I’ve always been drawn to mandala designs, both as an artist and as one who appreciates beauty, history, and the depth of meaning behind symbols. A mandala is a grouping of symbols and geometric patterns often arranged in a circular design. Mandala is a Sanskrit word for circle, and it’s often associated with various spiritual traditions and belief systems of south and east asia. Hindus, Buddhists, Jains, and other groups have utilized mandalas as sacred symbols to map the cosmos, depict a pantheon of deities and forces, or provide a visual aid to achieve meditative or trance states. 

The use of circle imagery for worship, meditation, communing with deities or spirits, and achieving transcendent states of consciousness, is not limited to eastern traditions. Both the Aztec and Mayan cultures had circular sacred stone calendars that played a central role in ritual and the mapping of astronomical cycles. The Rosy Cross, the Celtic Cross, the Rosary, and the Halo, are also examples of Christian symbols that are reminiscent of mandalas. There are countless more examples of mandalas and sacred circles used in various cultures around the globe. The mandala has served to symbolize a link between the temporal world and the world of the infinite, helping us make sense of our place in the universe. 

Mandalas can be seen as a symbol of our search to restore a sense of wholeness. Carl Jung saw the link between mandala symbols and the need to find psychic balance and harmony. This process of internal harmonization, he called individuation, involves the conscious integration of unconscious 'psychic content', leading to a more complex and fulfilled sense of being. His recognition of the importance of mandalas, and their relation to our individual growth, led him to incorporate the drawing of mandalas as a part of his therapy practice. 

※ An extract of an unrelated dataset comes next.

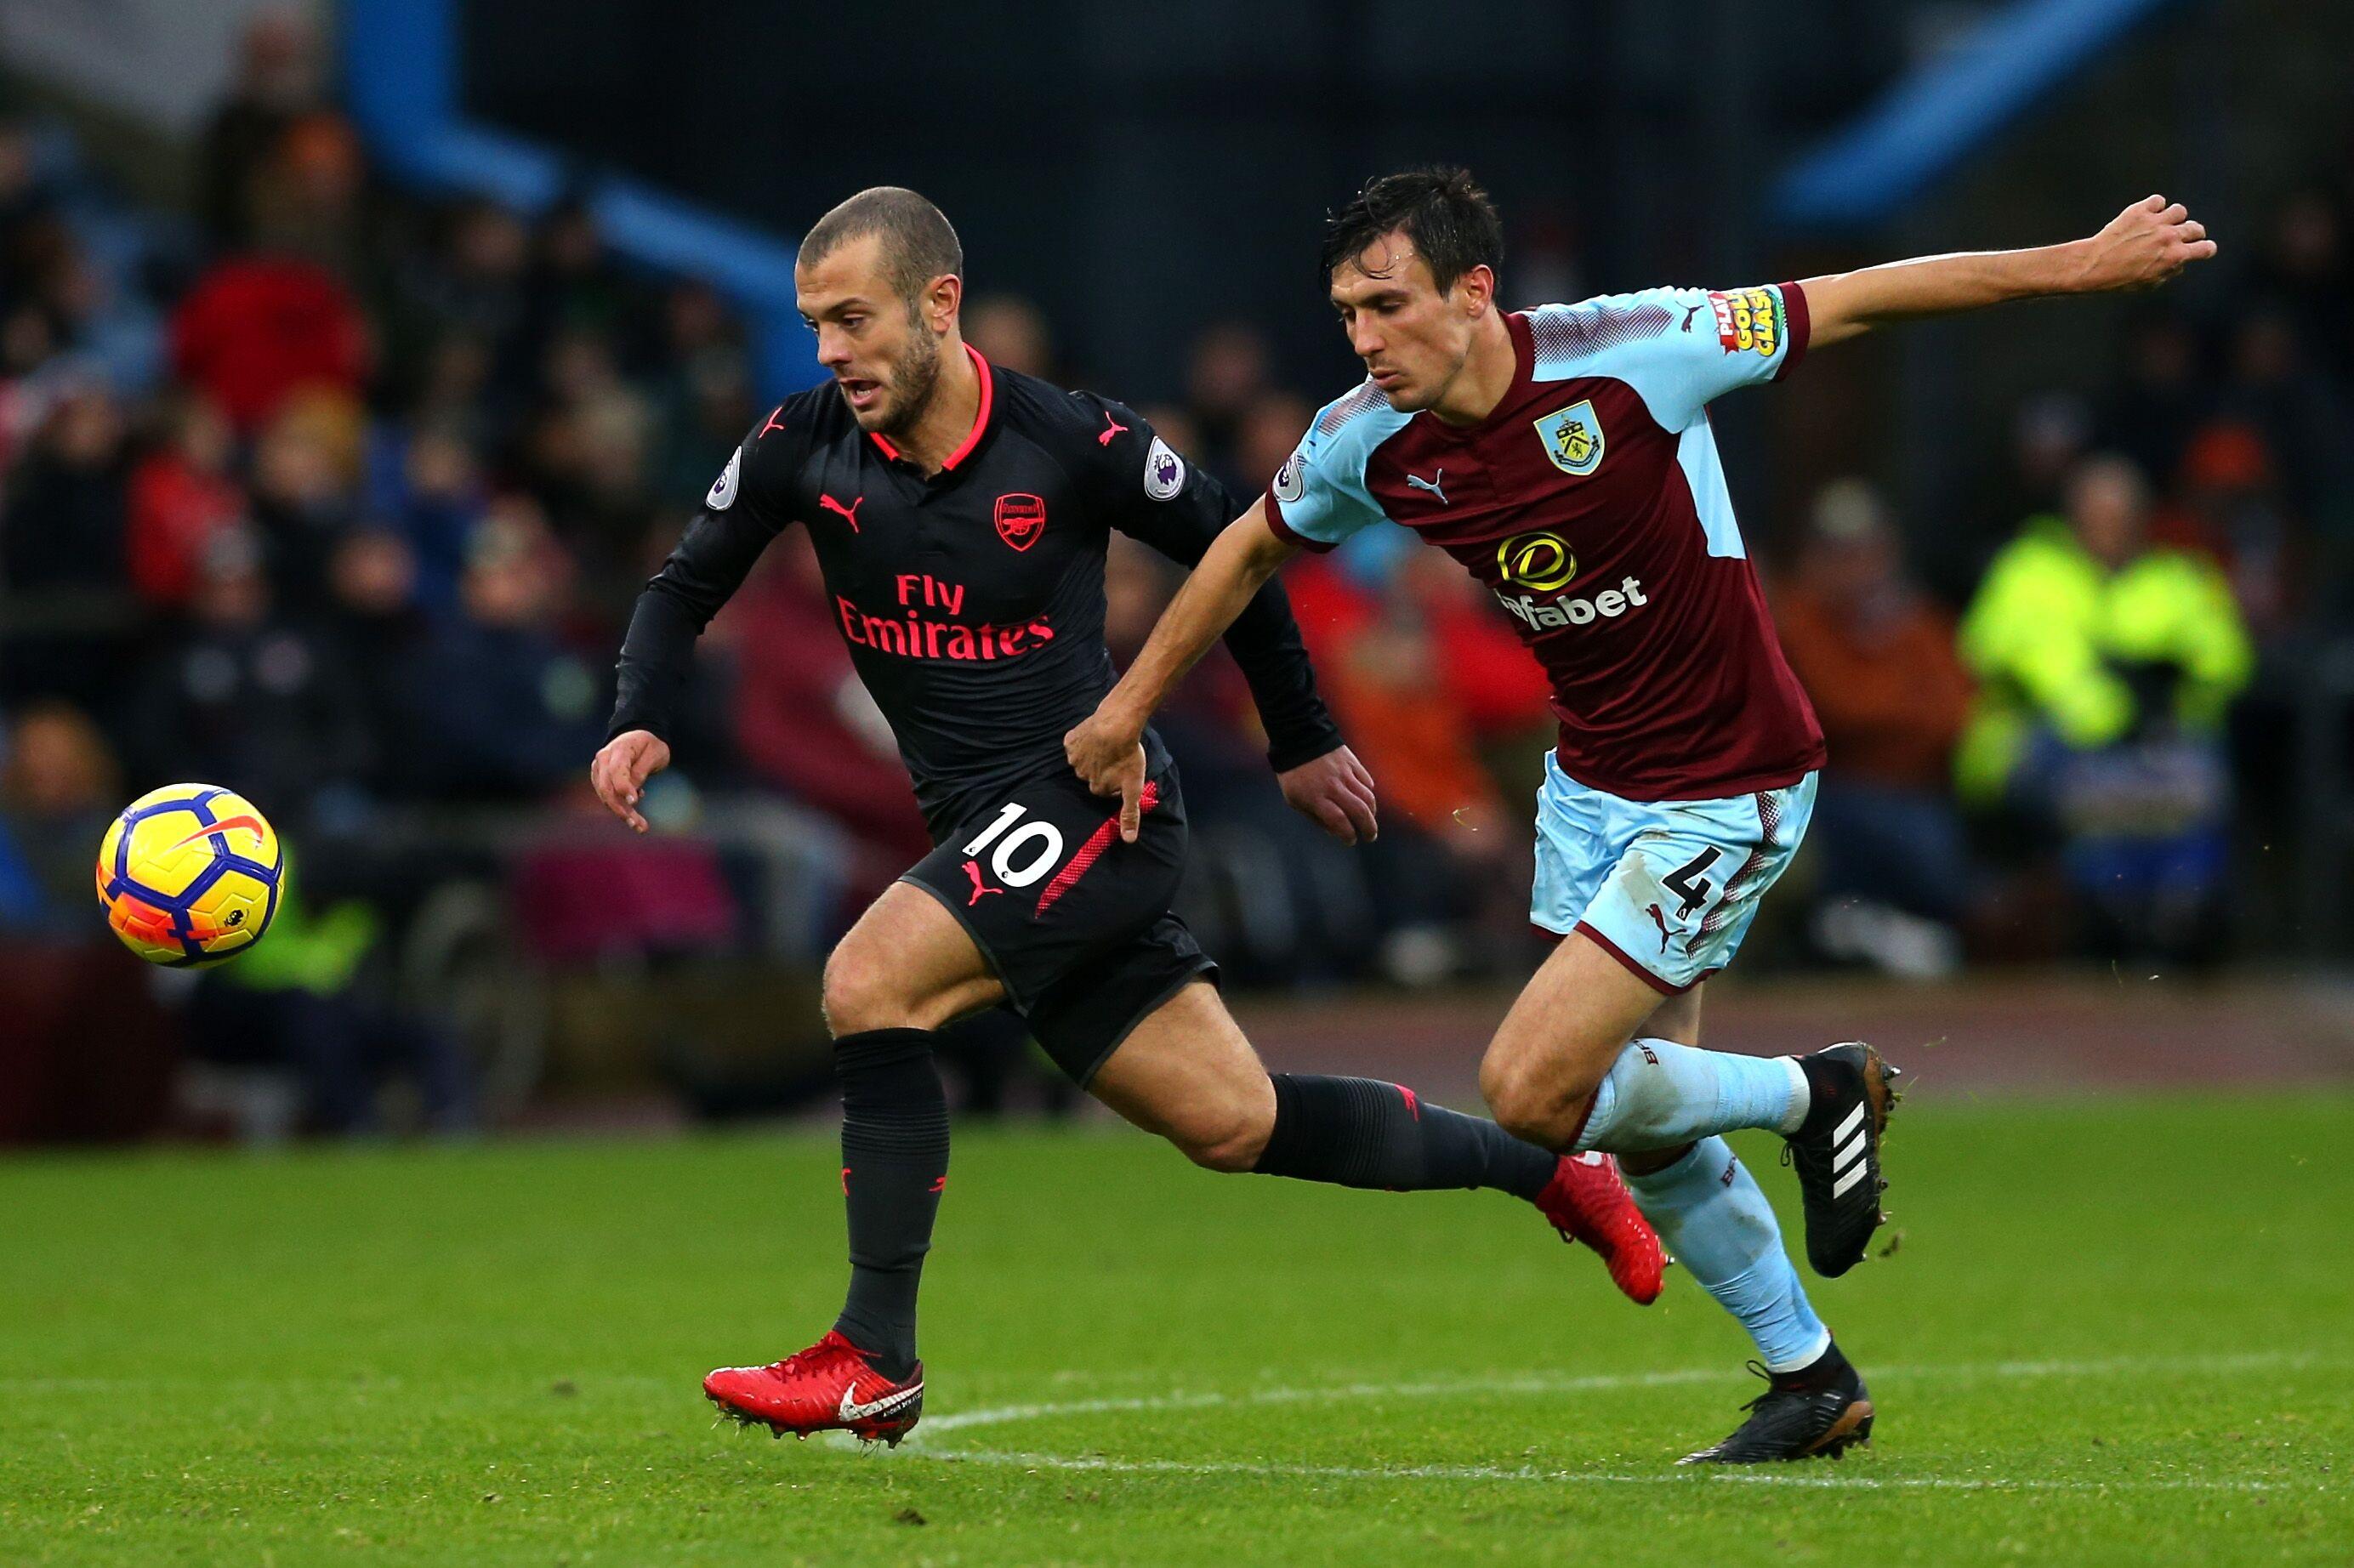 Huddersfield Vs Arsenal: Arsenal Vs Huddersfield Town: Jack Wilshere's Chance

Only gradually did I discover what the mandala really is: ... the Self, the wholeness of the personality, which if all goes well is harmonious.— Carl Jung, Memories, Dreams, Reflections, pp. 195–196.

My attraction to drawing mandalas has come about without much conscious intent. Like breathing, it felt like a natural extension of myself to create mandalas and other geometric designs. When I draw, I strive for a sense of beauty and elegance, but always with the unshakeable feeling that there is a deeper process at work. The Jungian process of individuation and internal harmonization seems to ring true. When drawing mandalas, there is a personal internal process at work, and also an attempt at understanding our existence and the many mysterious cycles all around us.

Meditation Activity:

Meditate on the image above. Begin your focus on the outer ring and make your way towards the center spending a few minutes meditating on each level. Imagine a radiant white light behind the calligraphy, intensifying as your meditation progresses from the outer rings towards the center where the light is brightest. Session should be about 10 minutes. Enjoy!